On the fourth day they reached the mountain range. The mules clattered up stony paths and skirted dizzy precipices. Up on the heights the wind became freezing cold. Martyn rocked in the saddle with fatigue and fever.

On the ninth day they reached Shiraz, a city of gardens and singing birds. The British Ambassador was not in the city. Martyn was alone in the midst of haughty and suspicious people. But the letters of Sir John Malcolm worked magic. Martyn was received into a rich man’s house as an honoured guest. A feast was set before him. He sat down on the carpet like any other Persian gentleman, twirled his moustache proudly, and lifted the food to his mouth with his fingers.

Next morning he began work at the first verse of the Gospel according to St. Matthew.

* * * * * * * * * *

Persian friends willingly helped Martyn with his work, yet many were suspicious.

"How can this beardless boy understand the holy Faith?" they demanded. "He is a spy."

People stared at him as he sat hour by hour working. When he went for a walk, small boys followed as if he were a circus, and threw stones till the governor threatened to behead any boy who forgot his manners to a foreigner.

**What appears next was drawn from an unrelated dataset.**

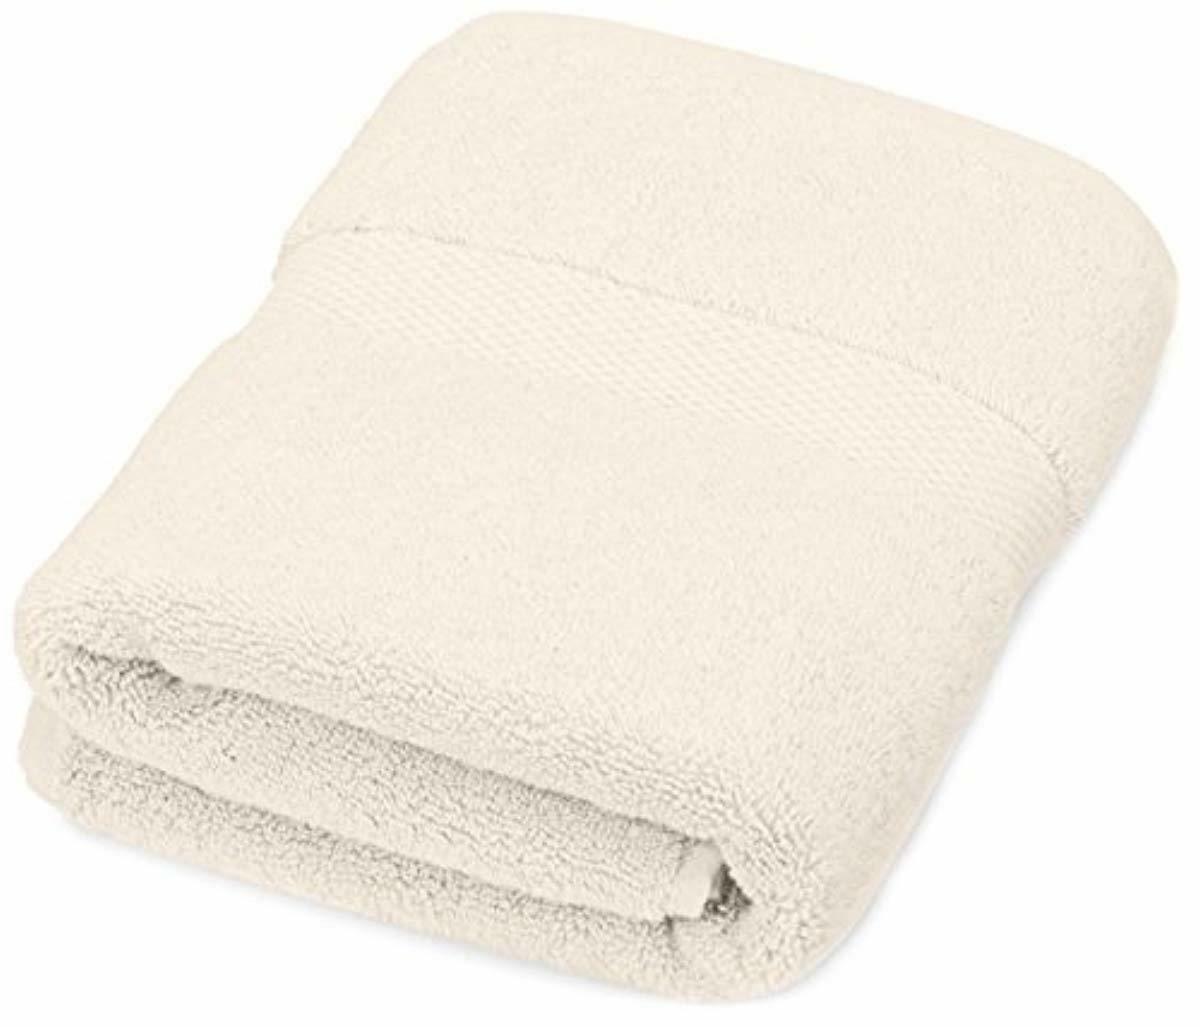 pinzon luxury 820 gram cotton hand towel

So hard did Martyn work that the whole of the New Testament was translated into pure Persian within nine months. But he had nearly killed himself at the task. He felt that in the race with death he was losing.

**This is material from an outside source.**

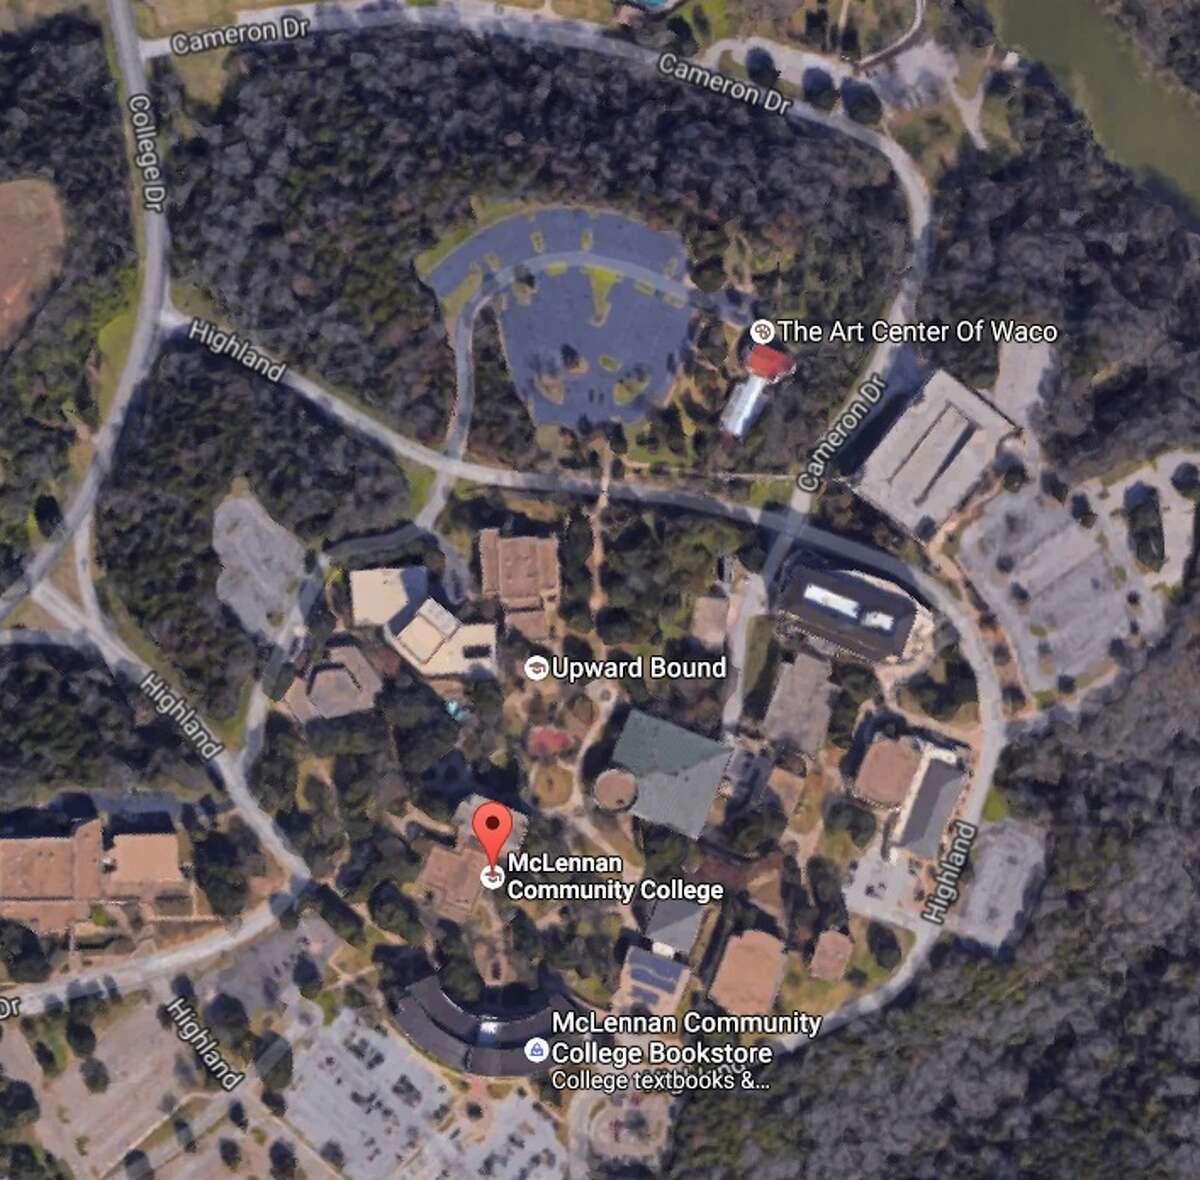 McLennan Community College: Waco Crime incidents per 100,000 students: 144 Property crime incidents: 12 Violent crime incidents: 0 Source:FBI

Yet one part of the task stilled remained. Before the Book could be successful, a copy had to be laid in the hands of the mighty Shah of Persia for his approval. The Shah was at Teheran, six hundred miles away. Martyn, a sick and tired man by this time, climbed on his mule and rode for thirty days to reach the royal court.

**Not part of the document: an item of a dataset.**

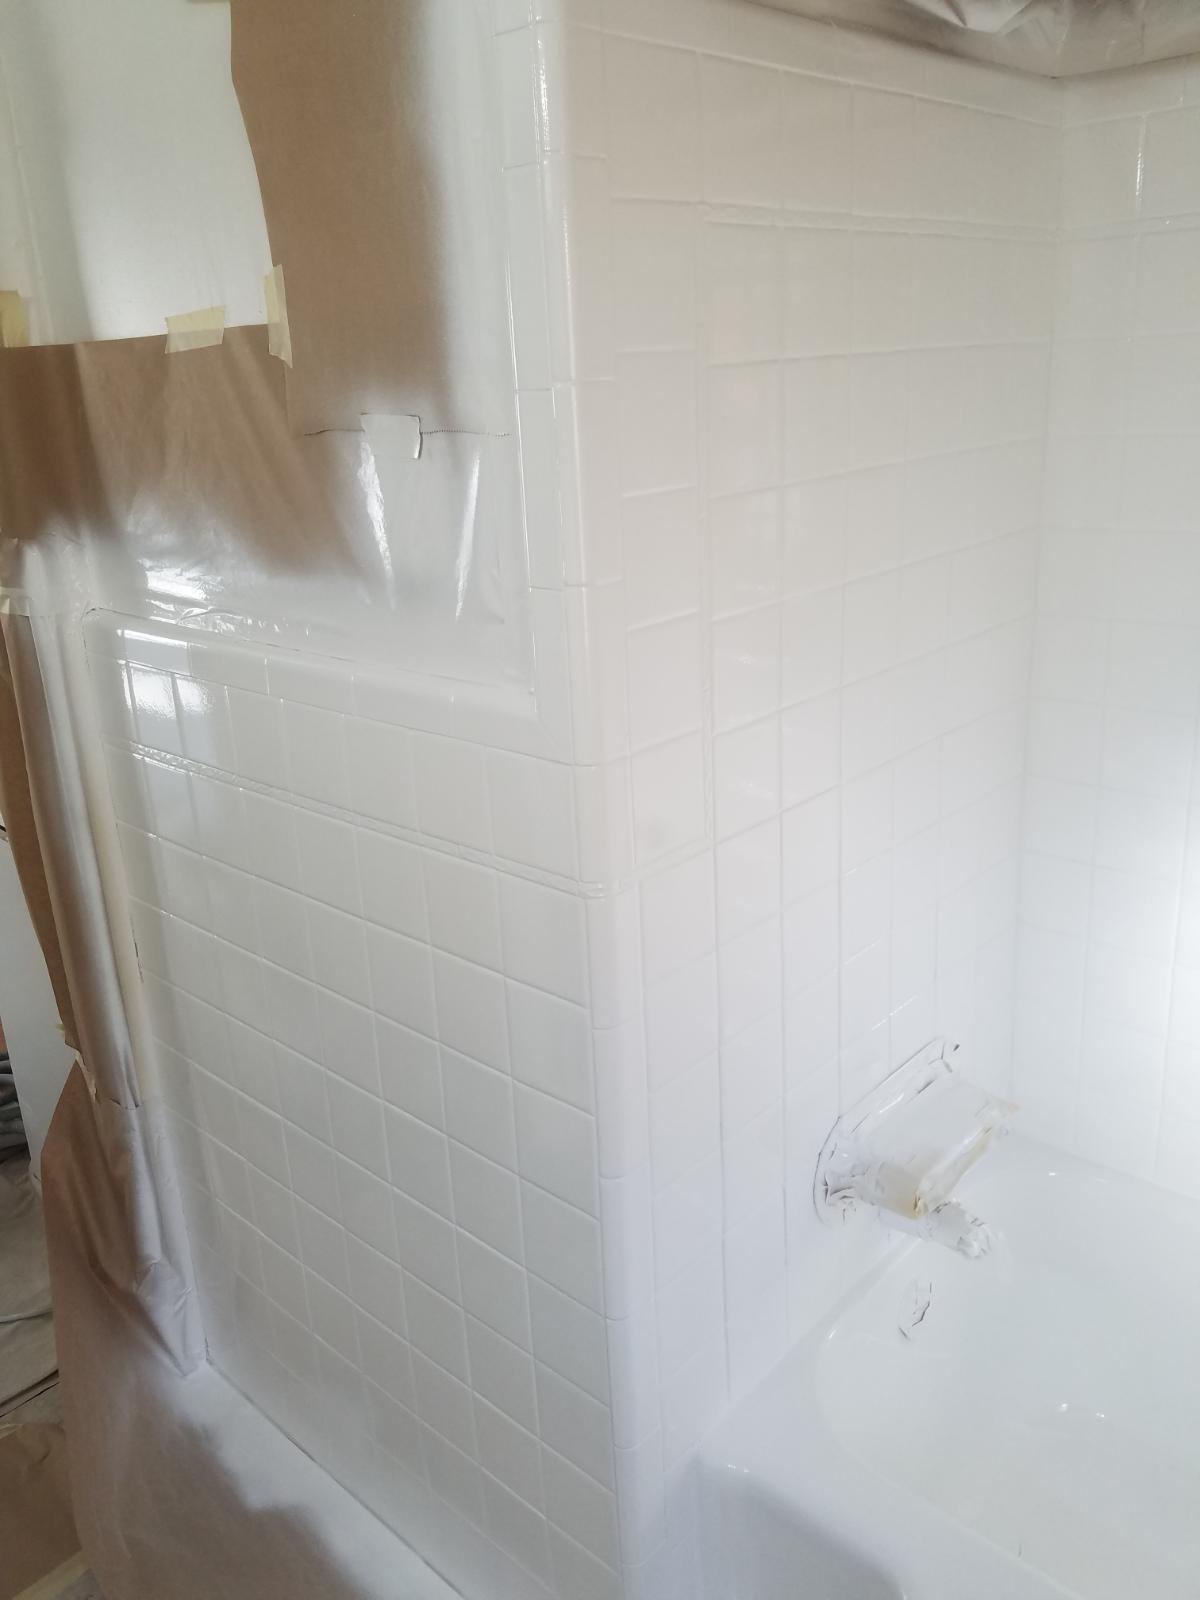 The Liquid Porcelain Tub and Tile Rejuvenation System Shows 1

The Shah, clothed in silk and blazing with jewels, sat in a gaily-coloured tent with his attendants bowing to the ground before him. A tired Englishman approached the Vizier and asked to be admitted to the royal Presence.

"Who art thou?" the Vizier asked contemptuously. "Thou art only an infidel beggar and not fit to be admitted to the Presence. Go to the British Ambassador."

The Ambassador was at Tabriz, another four hundred miles farther on. Martyn summoned the last ounce of his strength and set out on another thirty days’ journey. He was almost dead with fever when at last he reached the goal and handed the translation into safe keeping.

The Ambassador had a gorgeous copy presented to the Shah, whose reply was received in due course.

"The whole of the New Testament is completed in a most excellent manner, a source of pleasure to our enlightened and august mind. If it please the most merciful God we shall command the select servants who are admitted to our Presence to read to us the above-mentioned book from the beginning to the end."

Henry Martyn’s work was done. Where he had worked in India, a great Indian church with millions of members would arise. His translations of God’s Word would be carried over mountains, seas, and through deserts, and would bring life and light to all believers.

All that he needed to do now was to reach England in order to nurse his health. Fifteen hundred miles of desolate road separated him from Constantinople where he might pick up a ship. The last lap of his race with death had commenced.

He set out on the second of September. He passed Mount Ararat where the ark had rested, but there was no rest for him. By day he was devoured by mosquitoes and at night by lice. A Turk named Hassan was hired to be his guide. This hired servant, in a hurry to get his pay, flogged the horses to death and hurried his sick master through foaming torrents. Often the only lodging to be found was a stable when there was no room in the inn.

On the sixth of October, Martyn wrote these words in his diary:

"No horses to be had, and I had an unexpected rest. I sat and thought with sweet comfort and peace of my God; in solitude my Company, my Friend, and Comforter."

Ten days later he died, and was buried in Tokat.

It was the year 1812. Nelson had died at Trafalgar, and soon many brave men were to die at Waterloo.

Henry Martyn had lived and died for the kingdom of God.